• What you should do
From the line containing "Buy Jayson Tatum" to the last line of the listing, transcribe exactly and add nothing else; keep both ends and omit pictures.

• Information supplied
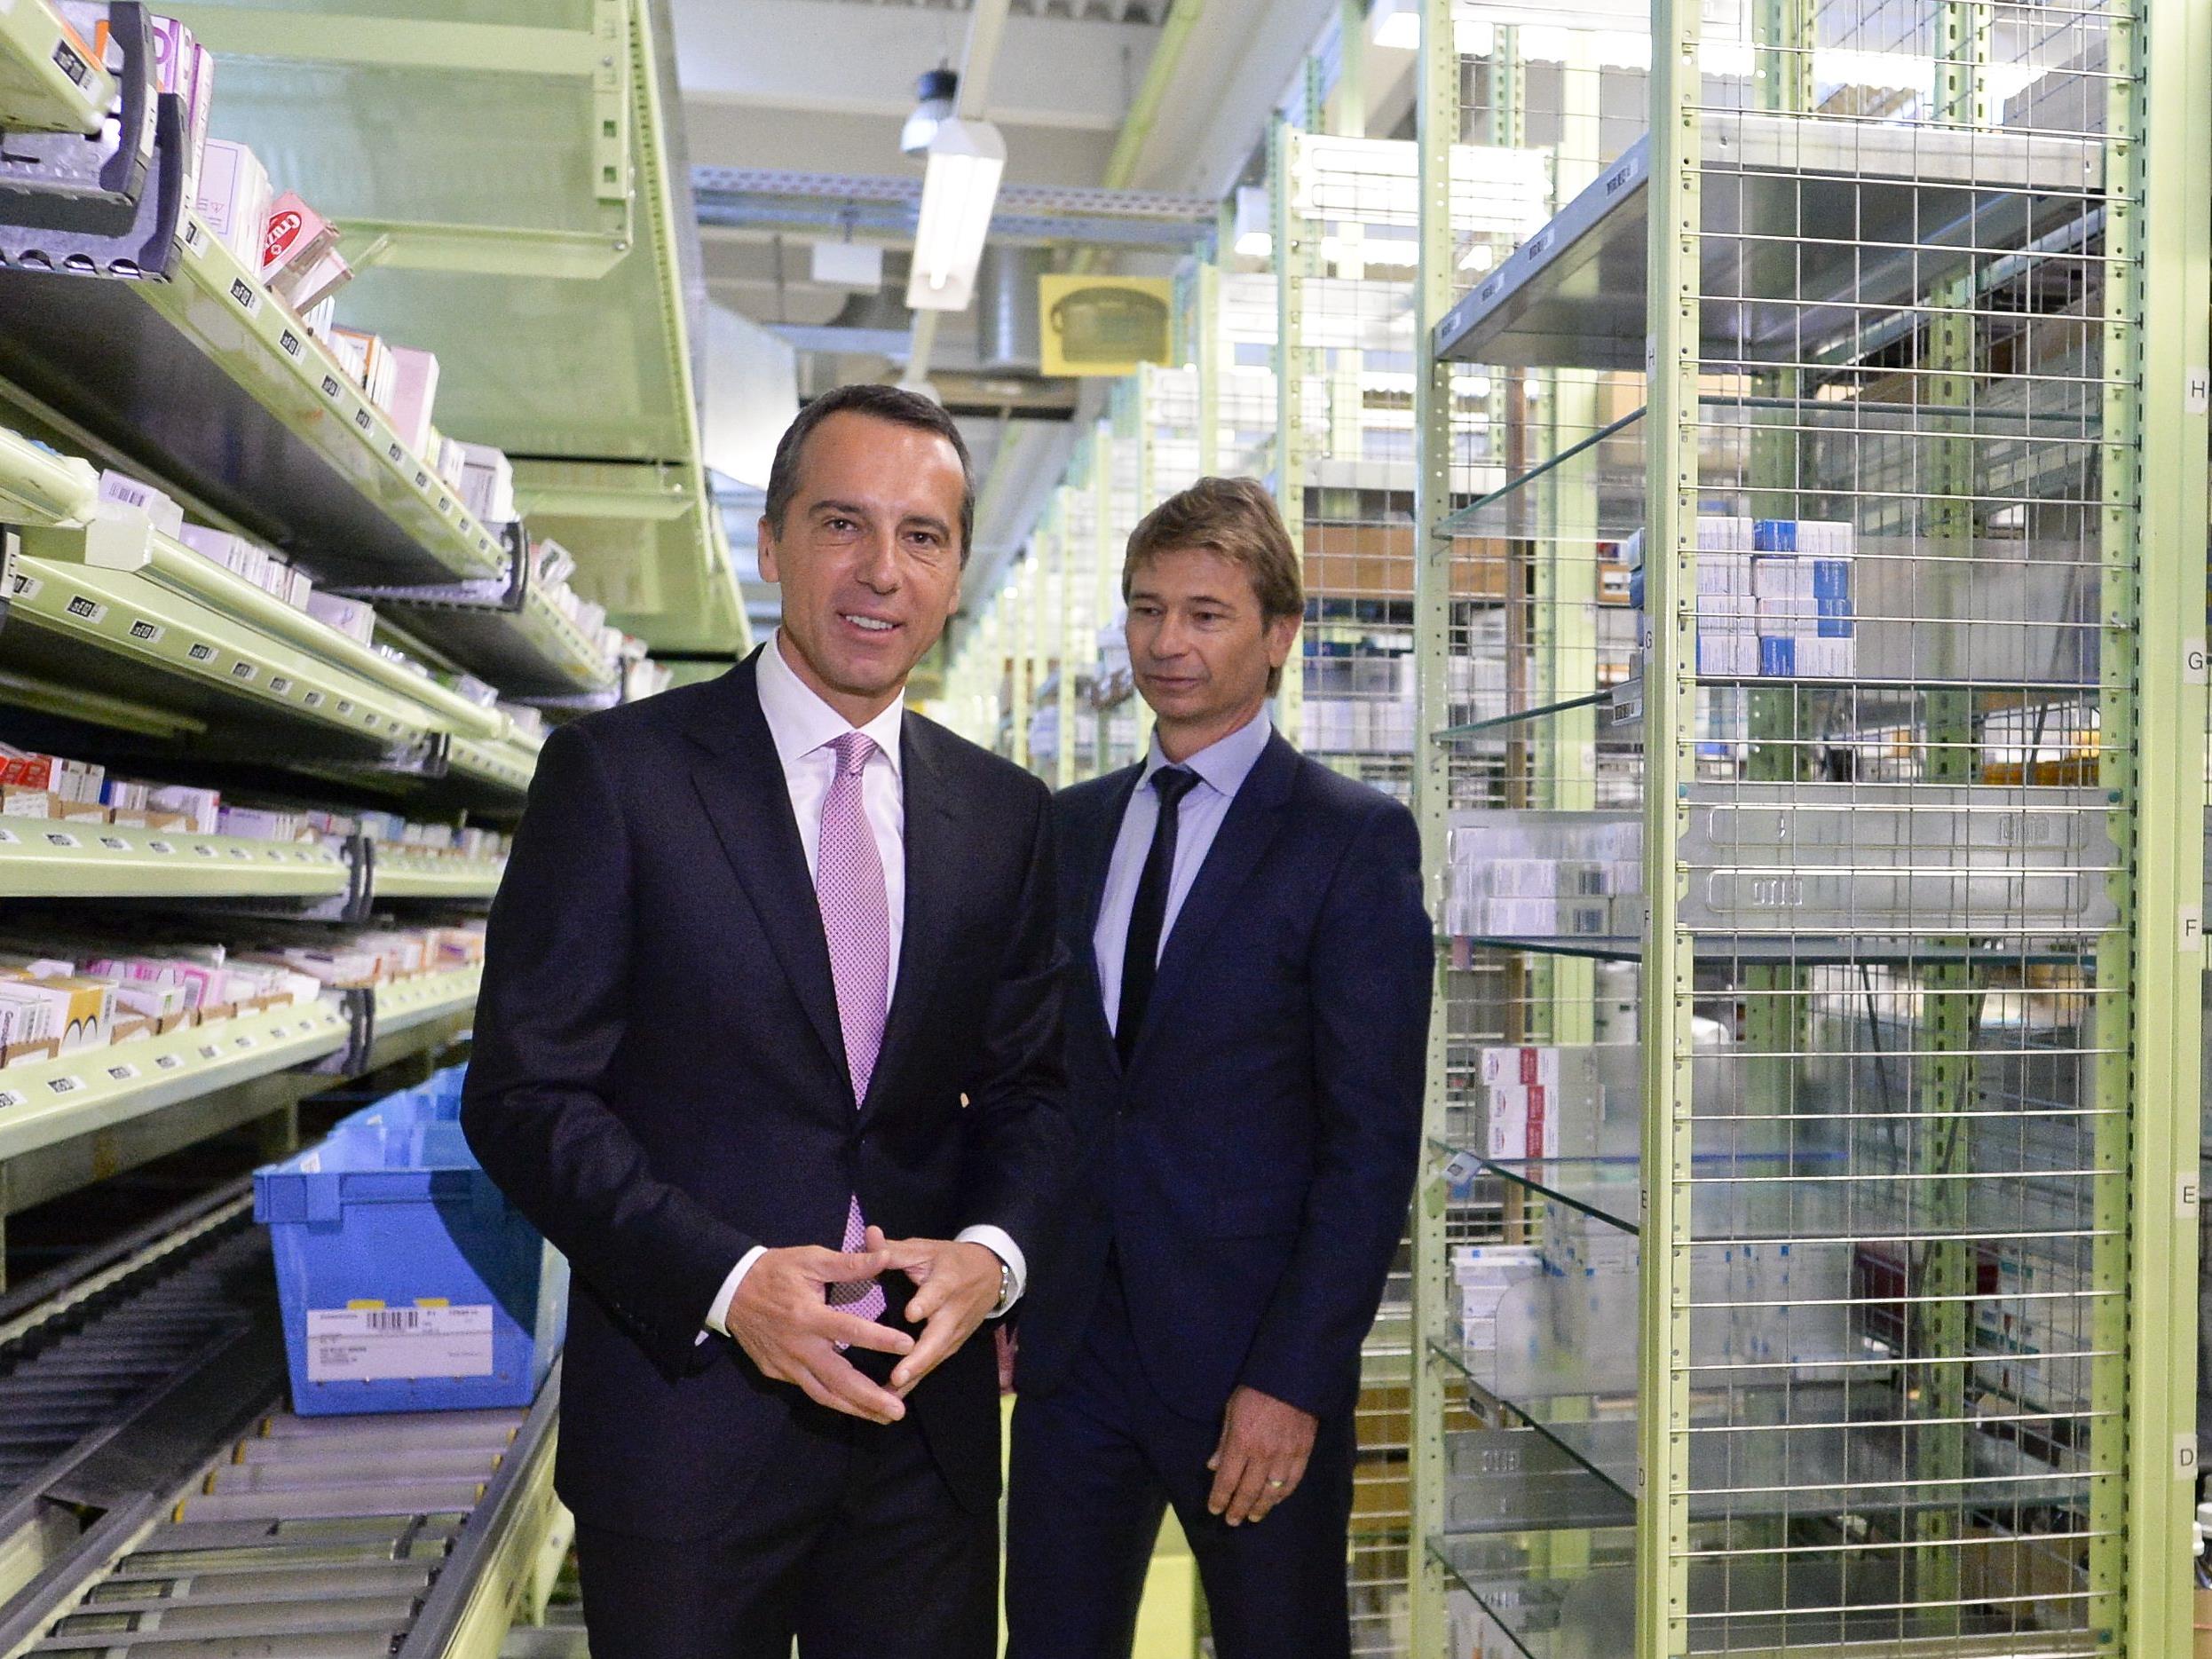 Bundeskanzler Kern beim Besuch des Pharma Großhändlers in Wien.
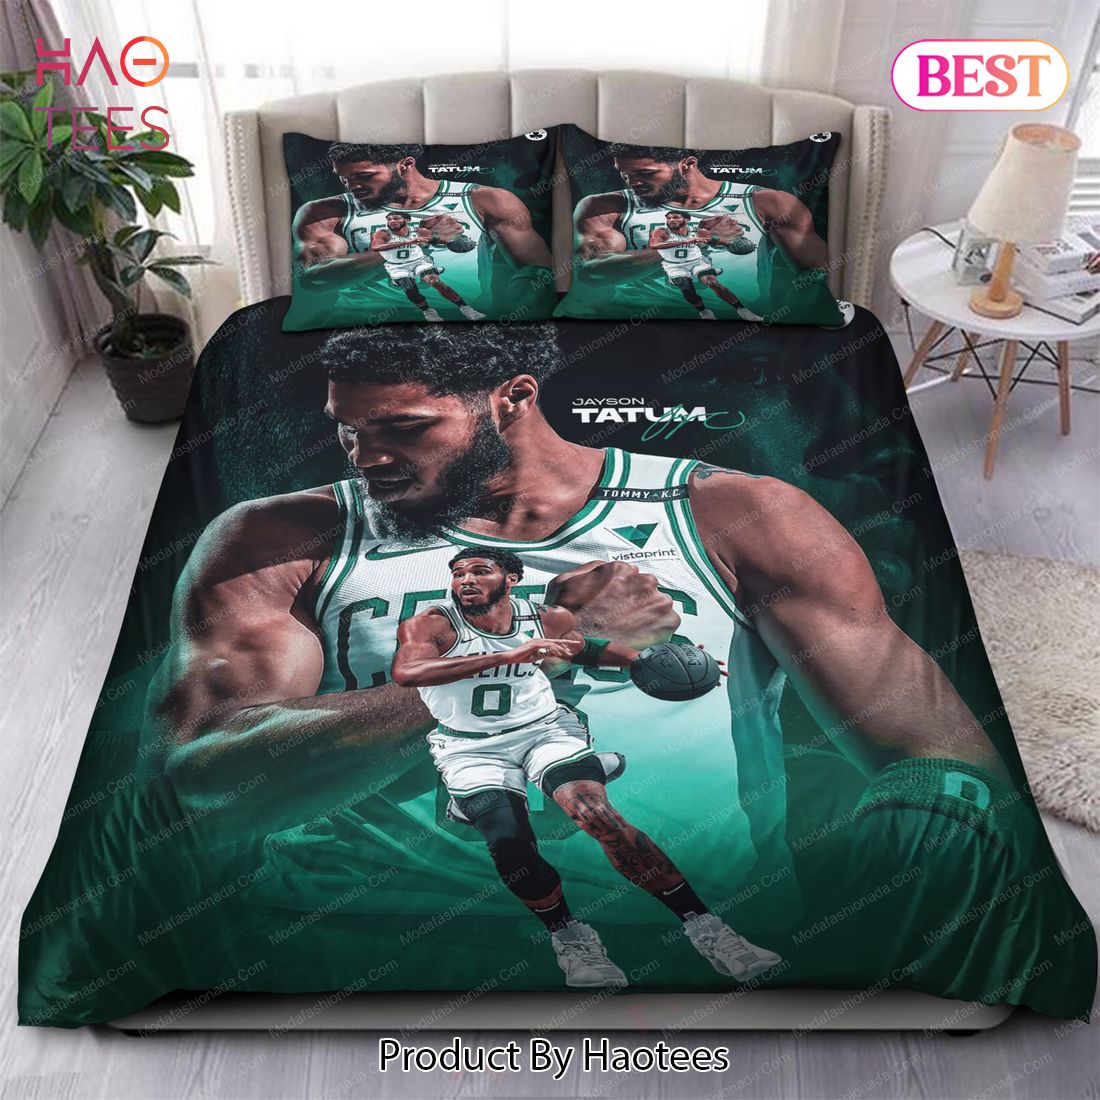 Buy Jayson Tatum Boston Celtics NBA 133 Bedding Sets Bed Sets, Bedroom Sets, Comforter Sets, Duvet Cover, Bedspread
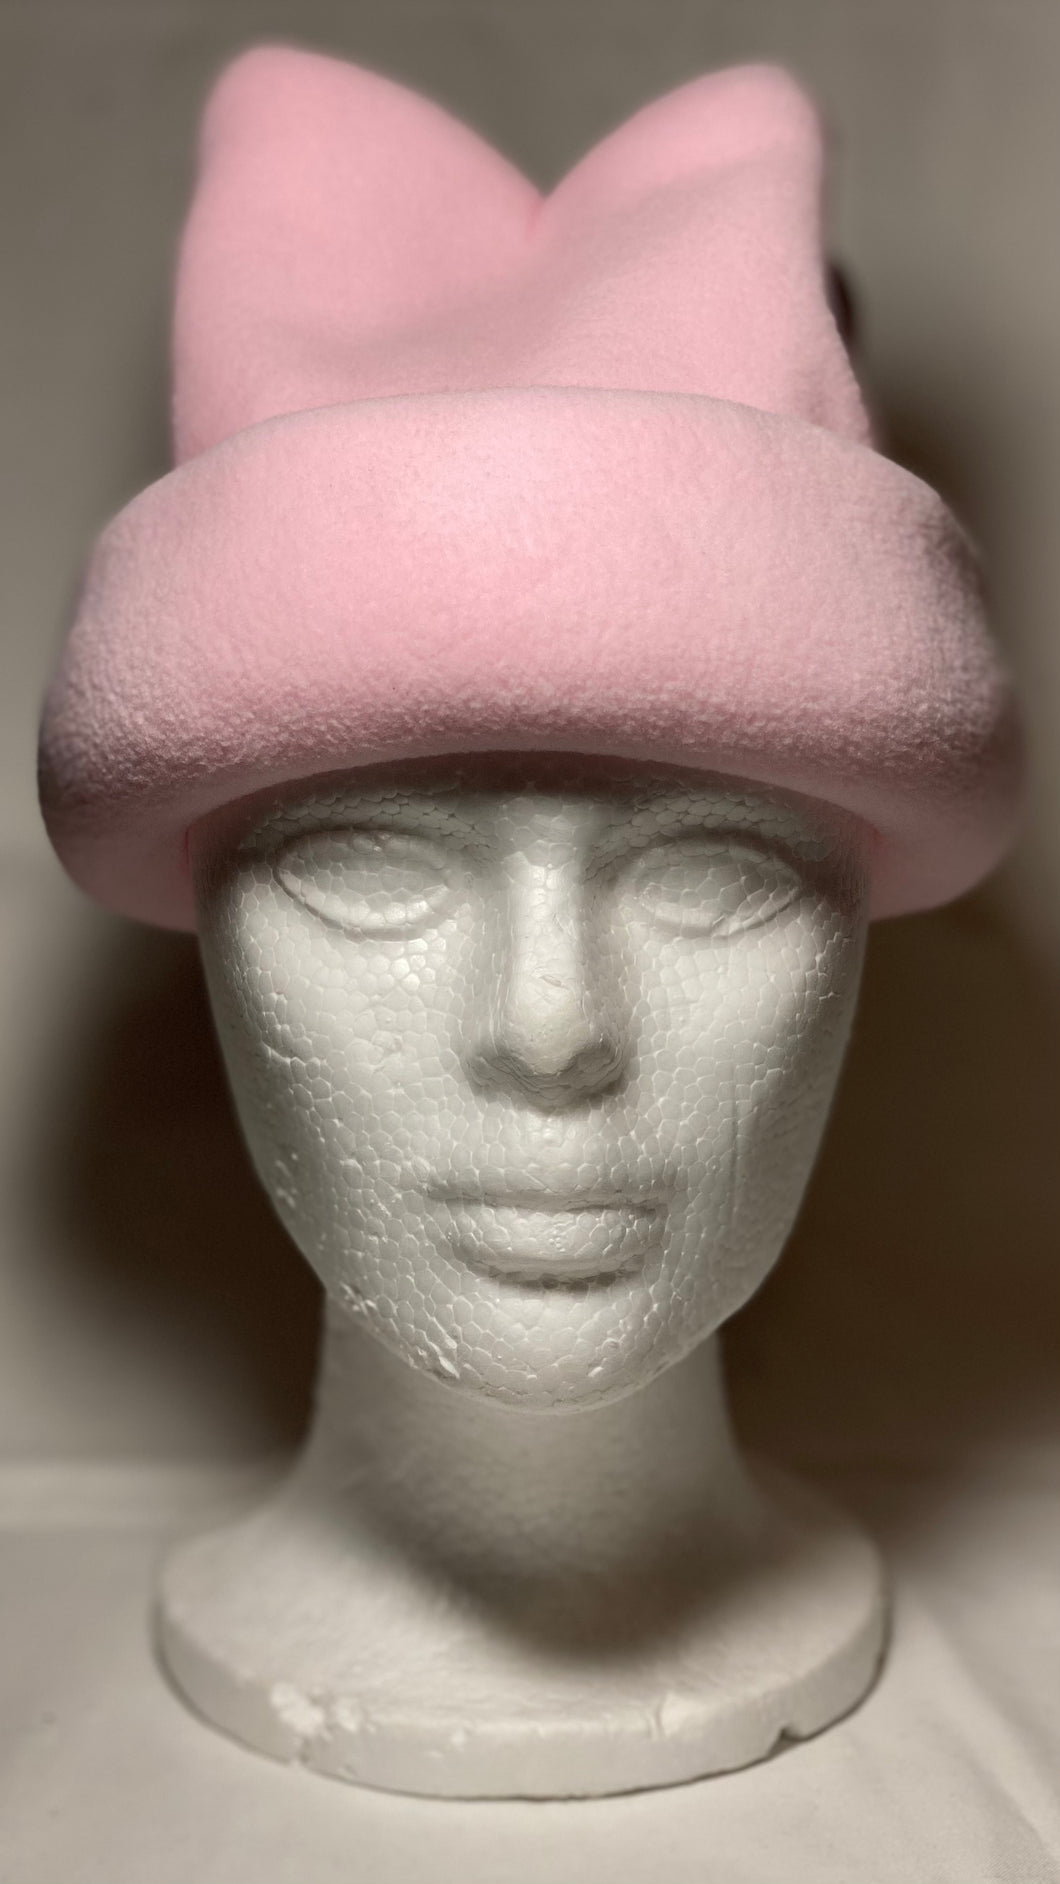 Pink Fleece Hat

• Your response
 Buy Jayson Tatum Boston Celtics NBA 133 Bedding Sets Bed Sets, Bedroom Sets, Comforter Sets, Duvet Cover, Bedspread
 Pink Fleece Hat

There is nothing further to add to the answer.